To evaluate the proliferation of BV-2 cells, the cells were counted by Cell Counting Kit (CCK-8, Dojindo, Japan). The 96-well plate was seeded with 100 μl of BV-2 cell suspension, and was incubated in a 5% CO₂ incubator at 37°C. When the cells grew to 70–80%, cells were transfected with interference and overexpression plasmids by Micropoly-transfecter™ Cell Reagent. After 12, 24, 36, 48, and 60 h of incubation, 10 μl of CCK-8 reagent and 100 μl of fresh DMEM cell medium were added to each well and incubated at 37°C for 1–2 h. Subsequently, the absorbance value was detected at 450 nm by the Automatic Enzyme Label Analyzer (Allsheng, China). Each experiment was performed in triplicate and repeated three times to ensure accuracy.

Cell Cycle Analyses

BV-2 cells were collected 48 h after transfection of plasmids. The cells were added to pre-cooled (−20°C) 75% ethanol and mixed overnight at 4°C. The cells were washed with PBS and treated with RNase, followed by staining with PI solution (Becton, Dickinson and Company) and incubation at 37°C for 1 h. The cells labeled by fluorescent are detected by Flow Cytometer. Subsequently, the cell cycle was assayed using Modfit software.

RNA FISH Assay

Fluorescence binding of lncRNA147410.3 probes were used for fluorescence in situ hybridization (FISH) analysis. T. gondii infected brain slide and BV-2 cells were stained with lncRNA147410.3 probes, and the staining procedure was done according to RNA FISH in situ hybridization kit (GenePharma). The location of the target lncRNA147410.3 in BV-2 cells and Brain tissues can be directly observed by Zeiss fluorescence confocal microscopy or MIDI panoramic scanner.

TUNEL Assay

BV-2 cells were seeded on coverslips in 6-well plates, transfected with the mixture of Lipo 3000 cell transfection reagent and shRNA or overexpression plasmid. The cells were fixed with 4% paraformaldehyde at 37°C for 20 min after 48 h. Cell apoptosis was detected using TUNEL assay kit (Beyotime, China) according to the manufacturer’s instructions.

Data Analysis

The experimental data were analyzed by t-test and analysis of variance (ANOVA), and statistical analysis was performed with GraphPad Prism 7.0 software, and data p < 0.05 indicated statistical significance.

Results

The Expression of LncRNA147410.3 in the T. Gondii Infected Mice Brain

The lncRNA147410.3 expression in the brain of T. gondii infected mice and uninfected mice was detected by gene microarray. The result indicated that the expression levels of lncRNA147410.3 were significantly increased in the brain of T. gondii infected mice than uninfected mice. Furthermore, qRT-PCR was applied to quantify the lncRNA in the brain of mice infected with the T. gondii PRU strain. The results showed that the expression level of lncRNA147410.3 in the brain of T. gondii infected mice 45 days later was as twice as that in the brain of uninfected mice (Figure 1A).

FIGURE 1

Figure 1. The expression of lncRNA147410.3 in the Toxoplasma gondii (T. gondii) infected mice brain and the prediction of its target gene. (A) The expression of lncRNA147410.3 was tested in the mice brain infected with T. gondii by microarray and quantitative polymerase chain reaction (qPCR). (B) Prediction the location of the target gene of lncRNA147410.3. (C) The expression of Hoxb3 in the infected mice brain. All values are presented as mean ± SD for three independent experiments. *p < 0.05, **p < 0.01, Student’s t-test.

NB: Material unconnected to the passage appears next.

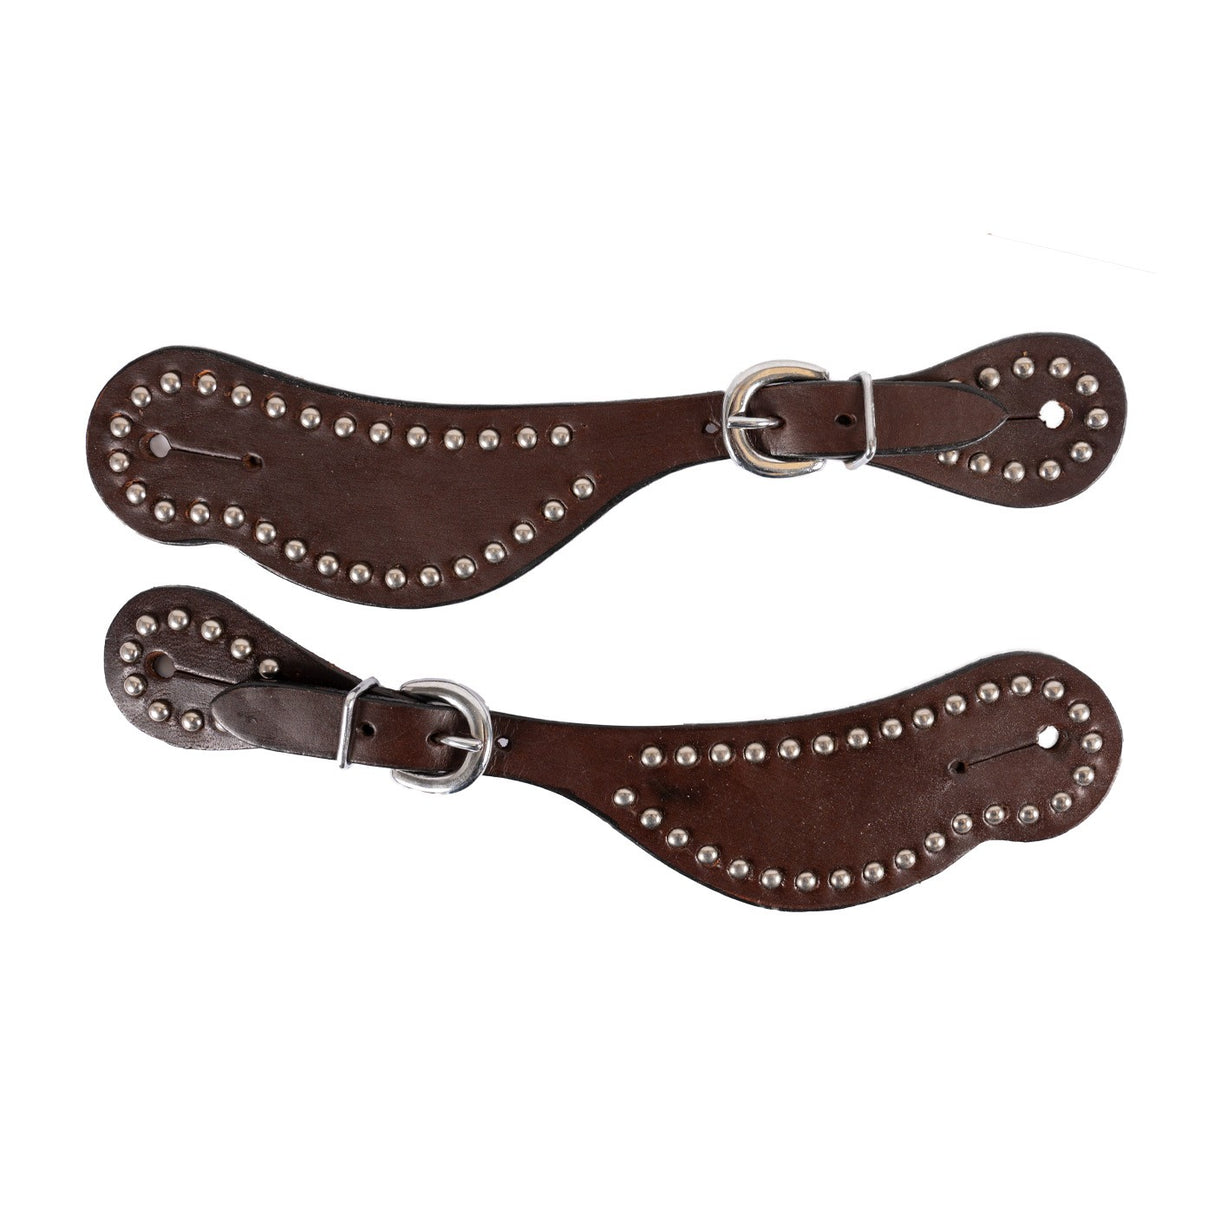 Royal King Shaped Leather Spur Straps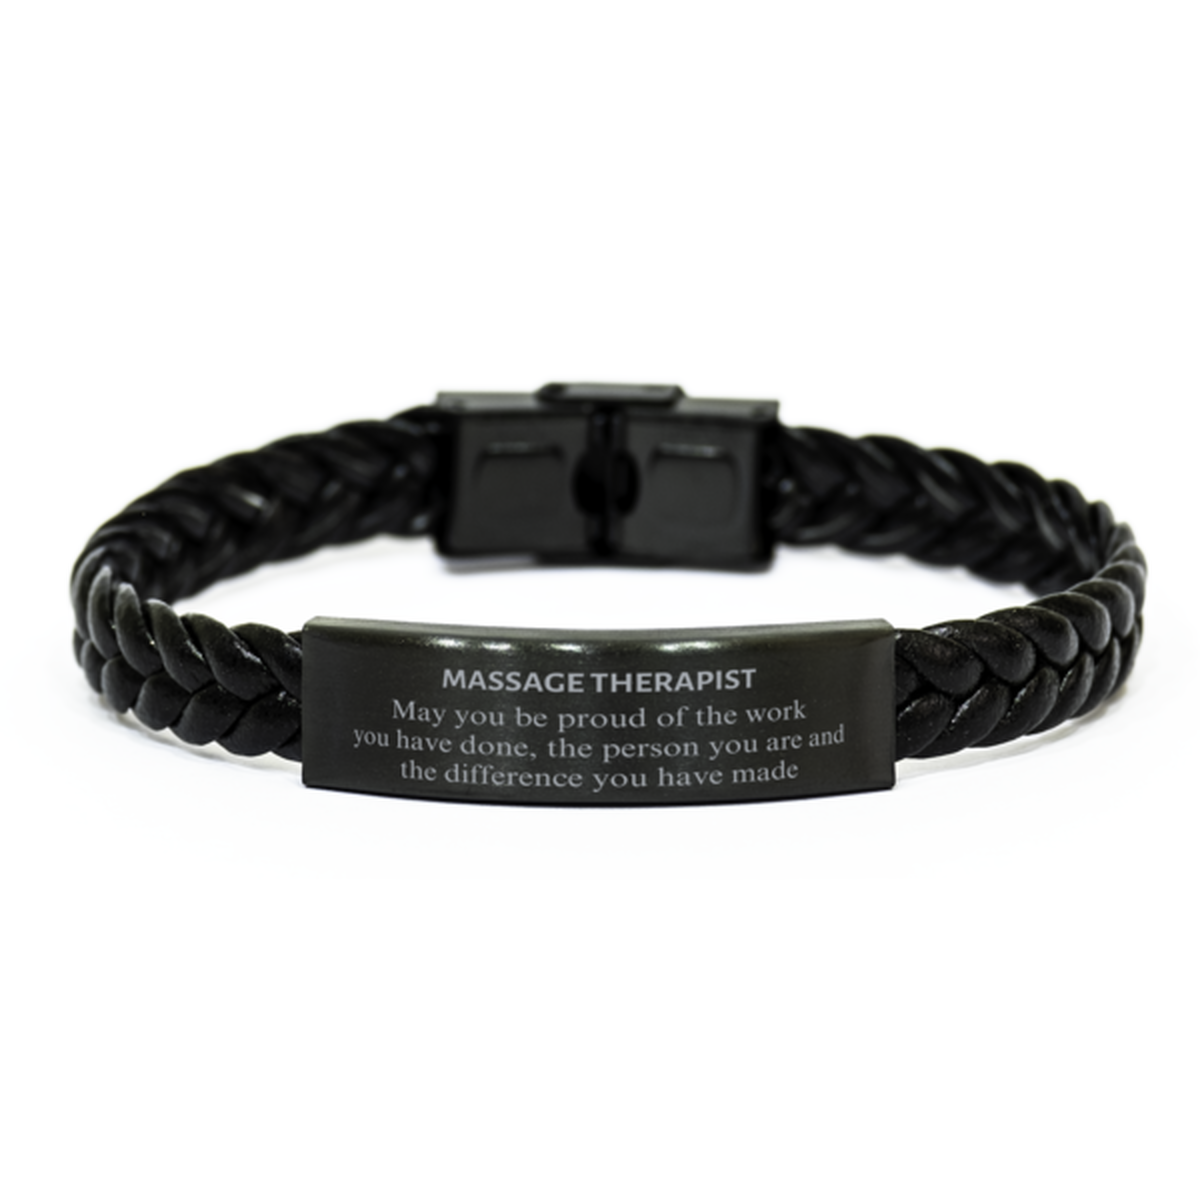 Massage Therapist May you be proud of the work you have done, Retirement Massage Therapist Braided Leather Bracelet for Colleague Appreciation Gifts Amazing for Massage Therapist

The Prediction and Expression of Target Genes of LncRNA147410.3

The chromosome location of lncRNA147410.3 was confirmed through the UCSC Genome Browser. lncRNA147410.3 is located on the mouse chromosome 11 and its transcript length is 1,959 bp. Based on the expression correlation and the genome positional proximity of lncRNA and mRNA Hoxb3 was predicted as the potential target gene of lncRNA147410.3 by cis/trans analysis (Figure 1B).

The expression of lncRNA147410.3 and Hoxb3 in the brain was detected by gene microarray and qPCR. The result indicated that the expression of Hoxb3 in infected mice increased 10-fold compared with uninfected mice, which indicated that the elevated expression of Hoxb3 induced by chronic infection, and also validated the results of gene microarray (Figure 1C).

The Regulation of the Target Gene Hoxb3 by LncRNA147410.3

To further determine the regulatory relationship of lncRNA147410.3 on the target gene Hoxb3, sh-lncRNA147410.3 and oe-lncRNA147410.3 were transfected into BV-2 cells. The expression of lncRNA147410.3 and Hoxb3 in the BV-2 cells above were quantified by qPCR. The results indicated that the expression of lncRNA147410.3 and Hoxb3 were simultaneously downregulated after transfection with sh-lncRNA147410.3 in BV-2 cells (Figure 2A). Meanwhile, lncRNA147410.3 and Hoxb3 expression were simultaneously upregulated in the cells when the lncRNA147410.3 was overexpressed (Figure 2B). Therefore, it was demonstrated that lncRNA147410.3 can regulate the expression of Hoxb3 positively.

FIGURE 2

Figure 2. The regulation of lncRNA147410.3 on target gene Hoxb3 was verified in cell level. (A) The expression of lncRNA147410.3 and Hoxb3 in BV-2 cells transfected with sh-lncRNA147410.3 or oe-lncRNA147410.3 was tested by qRT-PCR. All values are presented as mean ± SD for three independent experiments. *p < 0.05, **p < 0.01, Student’s t-test. (B) The expression of lncRNA147410.3 and Hoxb3 in BV-2 cells transfected with oe-lncRNA147410.3 was tested by qRT-PCR. All values are presented as mean ± SD for three independent experiments. *p < 0.05, **p < 0.01, Student’s t-test.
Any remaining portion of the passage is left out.